MS: That song actually comes from about 1967. There was a country duo, a husband and wife team called Carl and Pearl Butler, and they had a huge hit in the early ’60s called “Don’t Let Me Cross Over.” I recorded that song because I loved what it said. I rewrote the last verse to kind of bring it into the 21st century. But, it’s very true. If you don’t believe me, get in your car, drive down to lower Broadway tonight or any night in Nashville and just look around and that’s it, right there. I can tell you from being around 40 years, when things are going your way around Nashville, it’s a wonderful time. But, when things are not going your way and nobody cares, it can be a very lonely place at sundown.
MR: You’re right. It can vacillate between, “This is the most amazing thing that ever happened to country!” to “What was your latest hit again?”
MS: And that happens very fast. I think of the same thing when you go to LA or New York. They’re just kind of industry towns. When everybody loves you, everybody loves you, but it can get cold real fast.
MR: Though 16th and Broadway is still one of the honky-tonk capitals of the world, I think.
MS: Yeah.
MR: Corey Hickenbottom, let’s get you in here. Got any questions for Marty?
Corey Hickenbottom: Marty, you were talking about your TV show and I’ve got to tell you, that’s my favorite show on TV right now. It’s just fantastic. I appreciate it so much as a country music fan. I feel it gets so segmented these days — there’s the bluegrass, Americana, modern country… You pull them all together. It’s the only place I know where I’m going to watch Riders in the Sky followed by Brad Paisley followed by Del McCoury followed by Charlie Pride. Can you talk about some of what you’re doing there, bringing them all together.

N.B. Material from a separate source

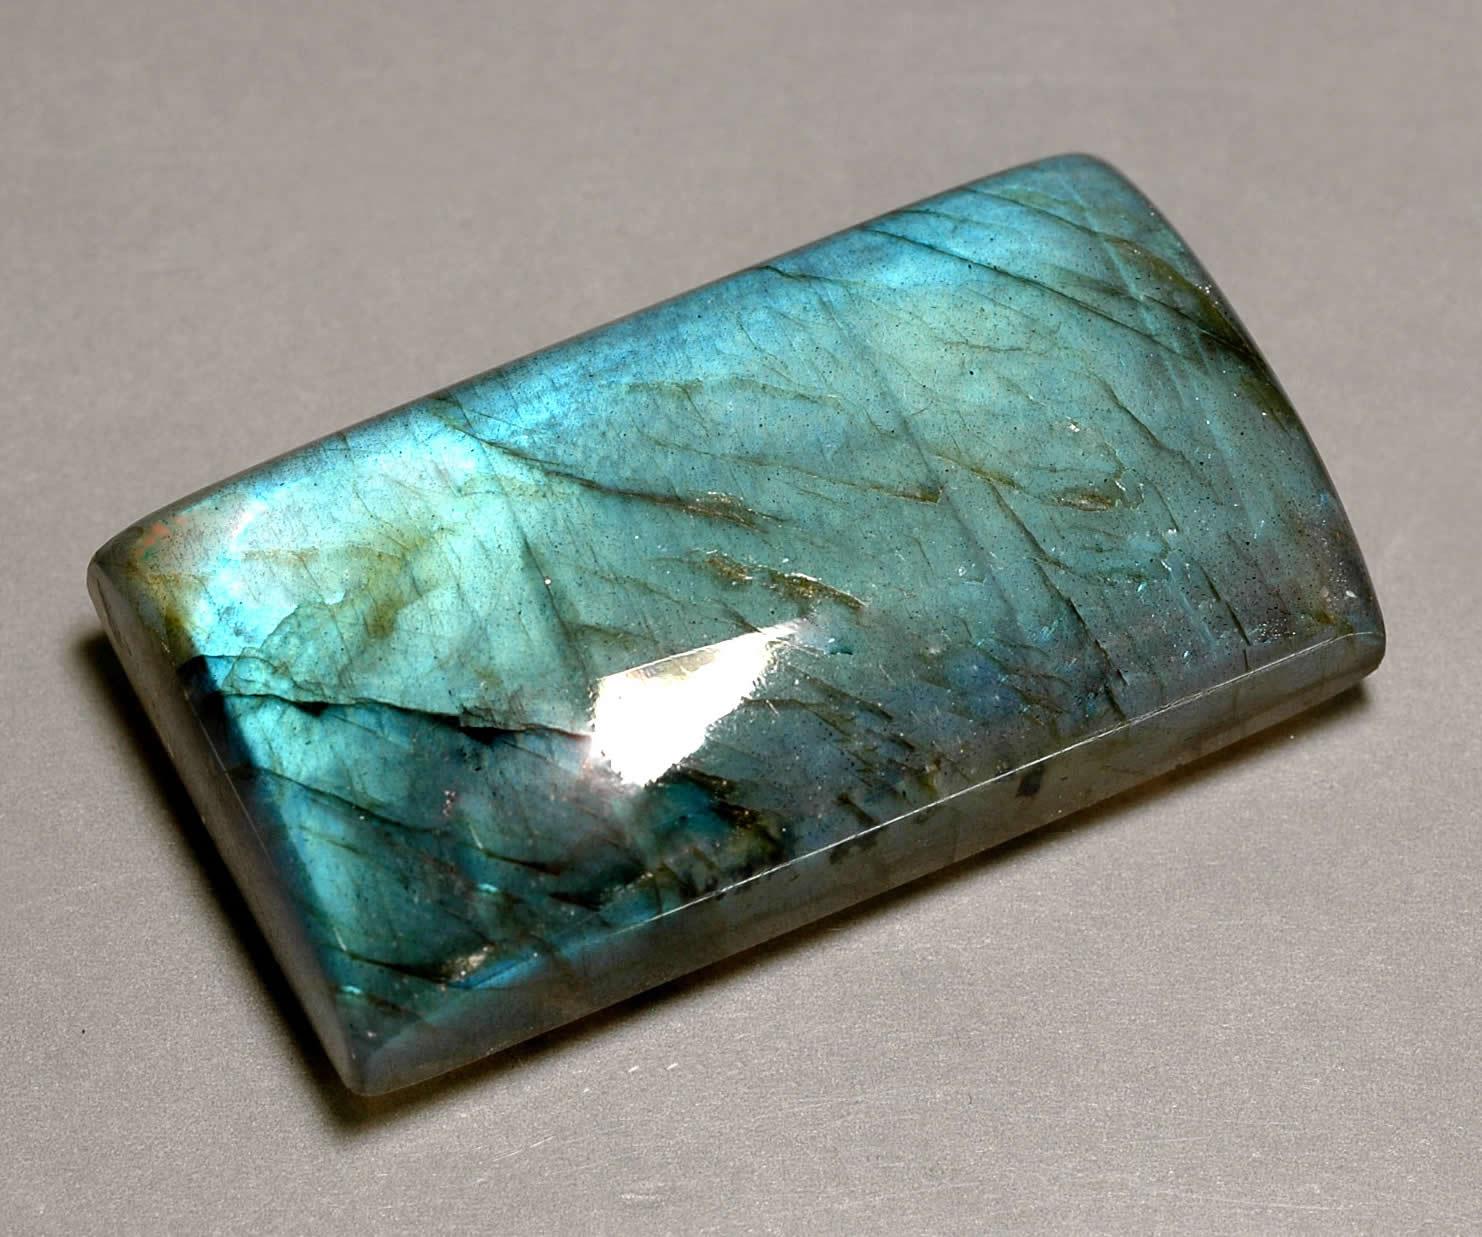 25 Pcs Oval 6x8 MM Egyptian Peridot Quartz Calibrated Loose Gemstone Wholesale

MS: First of all, thanks for watching. I love that the show has become the band’s theater, if you will. It’s kind of become our platform. I was riding through the backwoods of Missouri, I guess, six or seven years ago, and I was coming off scoring films. What I learned in the film world is if the music and the scene line up together, the scene flies by. But, if the music and the scene don’t line up together, the scene can feel like three hours long. I was riding through the backwoods of Missouri, looking around at cows and tractors and horses and looking at clothes blowing on the lines and country people. I was listening to contemporary music on the radio and it just didn’t quite line up. But, I stopped and I put in Hank Williams and I put in Porter Wagner and all of a sudden, life came back to one. I thought, “How about if we do a TV show and we take our case back to the people?” I have a pretty good Rolodex. I have a pretty diverse date book with names in it. Make it entertain. Make it dance. Do what I know how to do, and that’s simply what we did. It either entertains or it don’t. Just because somebody don’t have a hit record don’t mean a thing. I’ve always contended a fiddle player with the right song in their hand could wreck the room a whole lot more than somebody with my latest single that nobody cares about.

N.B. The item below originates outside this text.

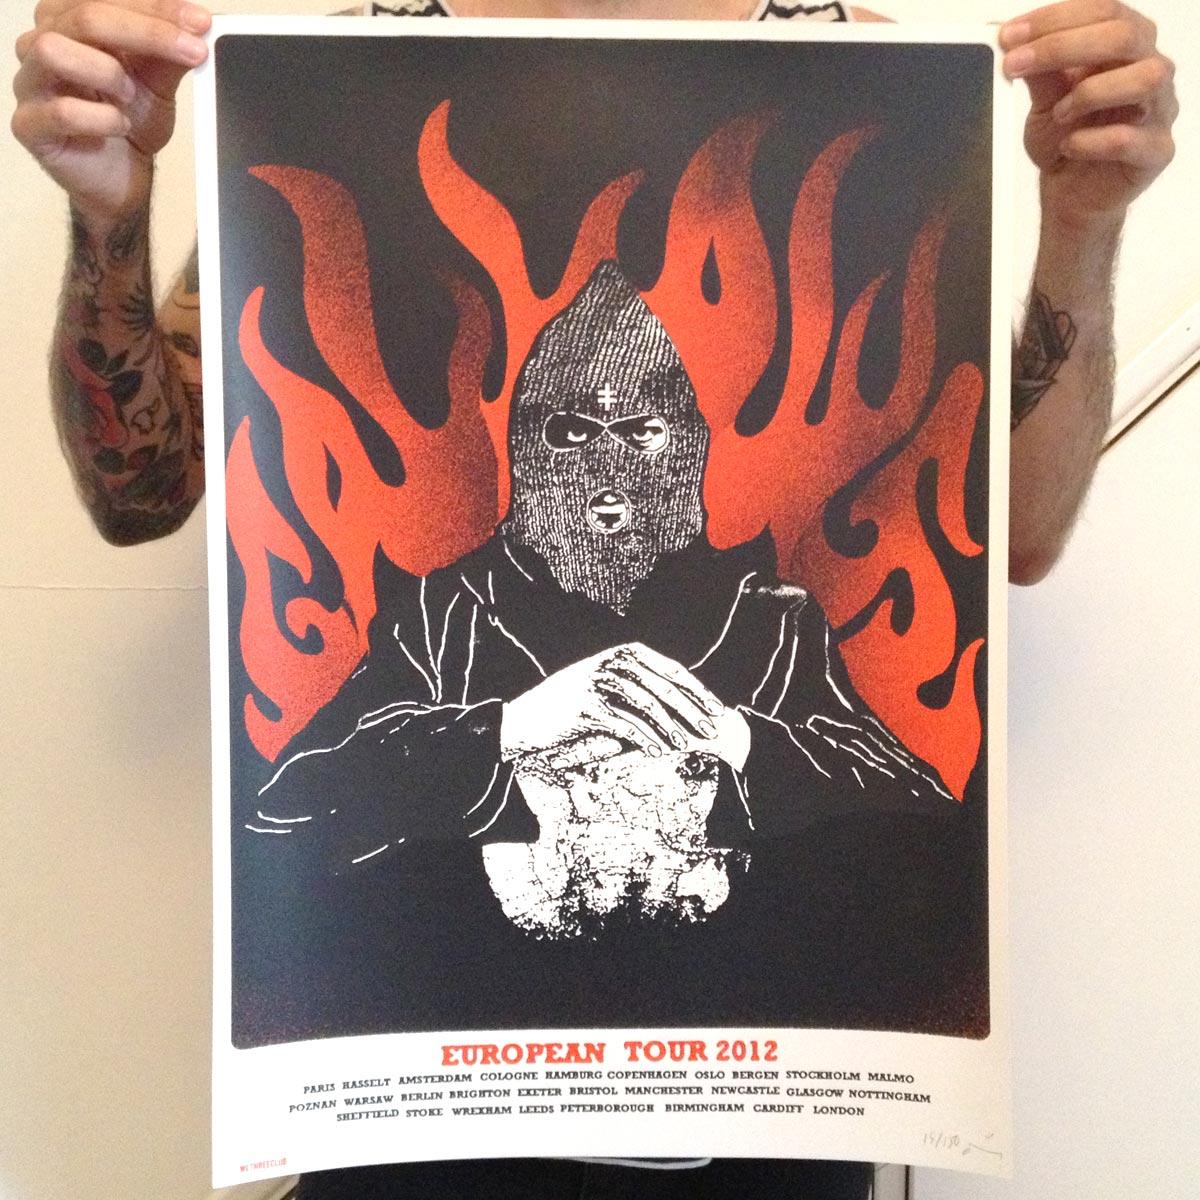 European Tour 2012 - Gallows - Screen Print Poster - Venn Records

MR: Disposable recordings.
MS: Yeah. I’m guilty of those, too. I have a lot of those at The Great Escape record store. Go get you some.
MR: I miss The Great Escape, I lived in Nashville when I was a country act with my musical partner Steve Mosto. We were a group called Almost Brothers, and we recorded your song “There Will Always Be of Them In Me” for a single. Beautiful song, you’re a great writer, sir.
MS: Thank you, kindly.
MR: Corey, what else you got?
CH: Hey, Marty, you said you grew up on Lester Flatt’s bus. Any words on the passing of Earl Scruggs?
MS: Well, that’s the last of my chiefs. It was a wonderful service at the Ryman Auditorium. So many wonderful people came and sang songs for Earl. The first two records I ever owned in my life were by Lester Flatts and Johnny Cash, and the only two jobs I ever had was with Lester Flatts and Johnny Cash. So with the passing of Lester, of course, back in ’79 and John in 2003, and now Earl and Dusty, that’s the last of my chiefs.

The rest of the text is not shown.